Теперь, перечитывая все им написанное, я думаю все-таки проза Кузмина долговечнее его стихов. Кузмин ввел несомненное новшество в повествование: он додумался записывать человеческую речь не в упорядоченном и сглаженном виде, а во всей ее бессвязности. Оттого его диалоги кажутся необычайно живыми. Перечтите «Прерванную повесть», в прозаической ее редакции: эти обрывки слов, обрывки мыслей, на лету схваченных, куски разговоров передают самую ткань жизни. Так действительно говорят люди, насилуя грамматику и логику. Но дословная передача бесформенной живой речи есть прием бедный и скудный, ничего не обещающий. Диалогический стиль Пильняка и большинства «новых» произошел отчасти отсюда. К настоящему, — без кавычек высокому — искусству это относится приблизительно так, как цветная фотография к живописи.
Позднее Кузмин стал сдержаннее в этом отношении. Однако диалоги в его повестях и рассказах остались особенно живыми, и в этом их прелесть. Но Кузмин редко справляется с общим замыслом, а большей частью и замысла у него никакого нет. Просто анекдот или житейская мелкая хроника. Исключением мне кажется «Покойница в доме» — стройная и ясная повесть. Почти все его вещи, в особенности крупные, расходятся по швам, распадаются на куски. Несколько очень зорко подмеченных подробностей, два-три очаровательных разговора, тревожно-любовных или насмешливых — и больше ничего. Кузмин не бытописатель, конечно, и не хочет им быть. Нельзя от него требовать широких картин. Но даже и одного живого человека он создать не в состоянии: общее всегда от него ускользает. С птичьего полета он ни на что не взглянул.
В стихах Кузмина много беллетристически удачных строк: точные, отчетливые и чистые образы. Но целое мертво. Дух музыки совершенно отсутствует в этой поэзии. Лучшие строчки остроумны и находчивы, не более. Но ни одну из них не повторишь, ни одну не запомнишь. Единой темы у Кузмина нет. Книги его — только сборники разных стихотворений, ничем не объединенных. Поэта нет. Не «терпит суеты служенье Муз». Не слышится ли эта навевающая скуку суетливость в какофонии первых же строк первой книги Кузмина:
Ранние стихи Кузмина все же непритязательны и милы. Конечно, одной ахматовской строкой можно отравить всю эту гладковатую лирику, но как стихи на случай, как неопасторальный жанр, эти вещи имеют довольно много достоинств. Я говорю о стихах Кузмина, писанных до войны.

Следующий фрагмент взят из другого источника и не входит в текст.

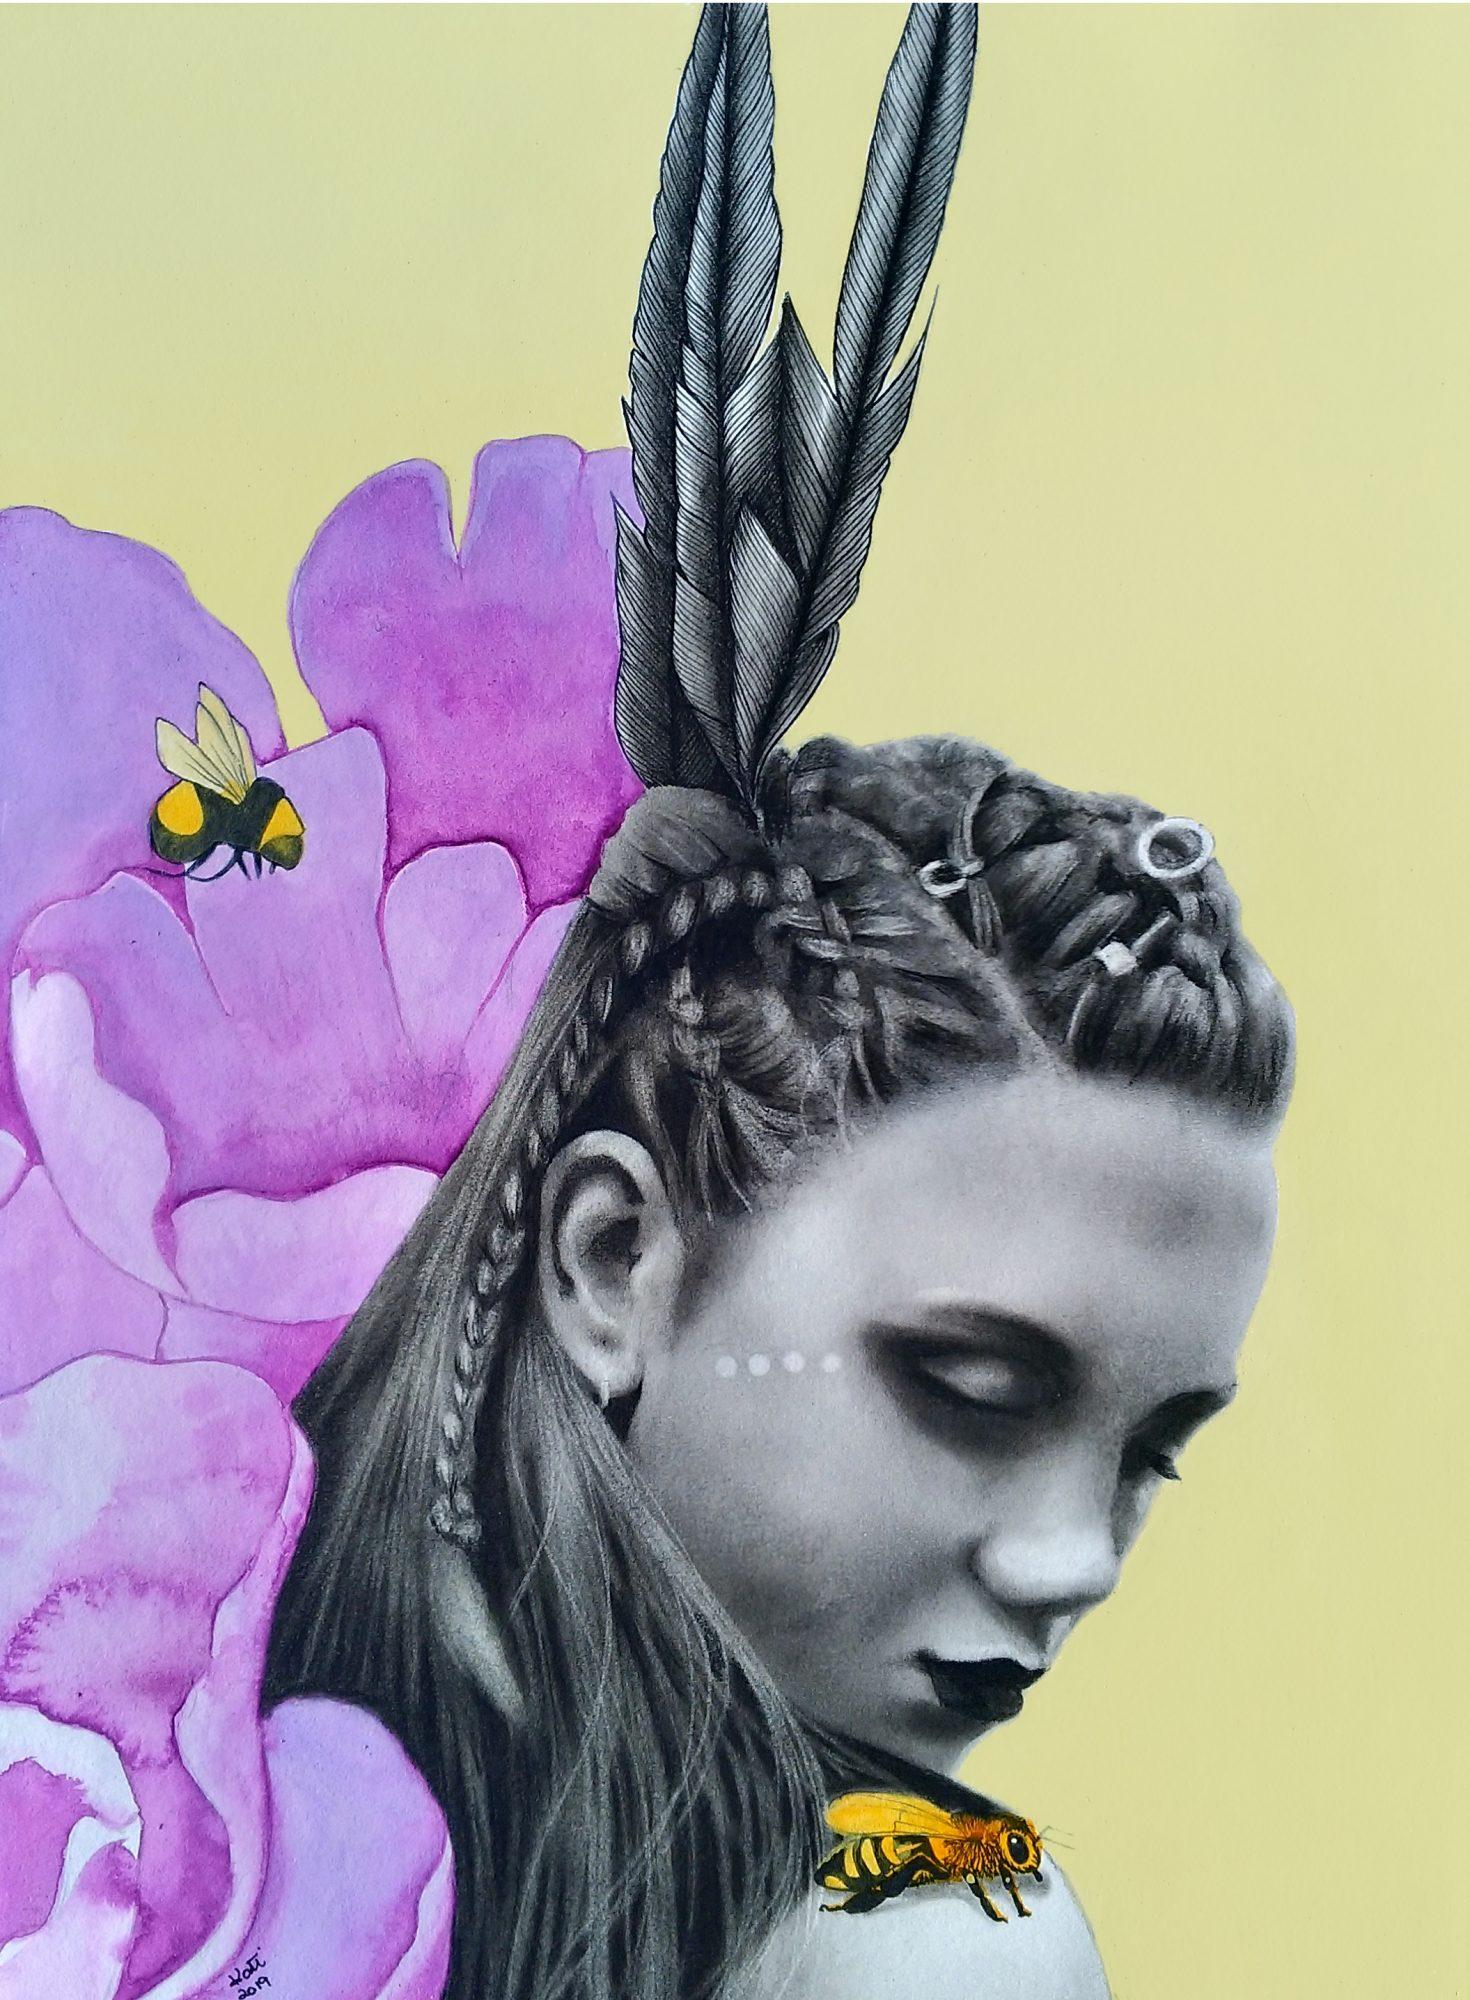 The Beekeeper By Kati Garrett Filho

Но что такое кузминские стихи последних лет, «Нездешние вечера» и «Параболы»!
Надо бы давно понять, что настоящий поэт, даже состарившись и одряхлев, до последнего дня остается поэтом, дарование слабеет количественно, а не качественно. Это подтверждают сотни примеров. Нельзя забыть последние стихи Державина или то, что пишет теперь ослабевающий, будто еле водящий пером Сологуб.
Последние книги Кузмина обнаруживают такую растерянность и такую пустоту, которых трудно было ждать. Кажется, что Кузмин опрокинут и раздавлен нашим бурным временем. Он пытается кричать в тон времени, но его не слышно. Немного есть чтения более тяжелого, чем эти последние сборники: взвинченный и лживый пафос, детская игра грубейшими аллитерациями, детское щеголяние подчеркнуто реалистическими образами, рядом с намеренно туманными, полная распущенность, «потерянность» языка и чувств. Кроме двух–трех стихотворений, звучащих как жалоба или бессильное признание, все в этих грубо-фальшивых книгах есть сплошная мишура.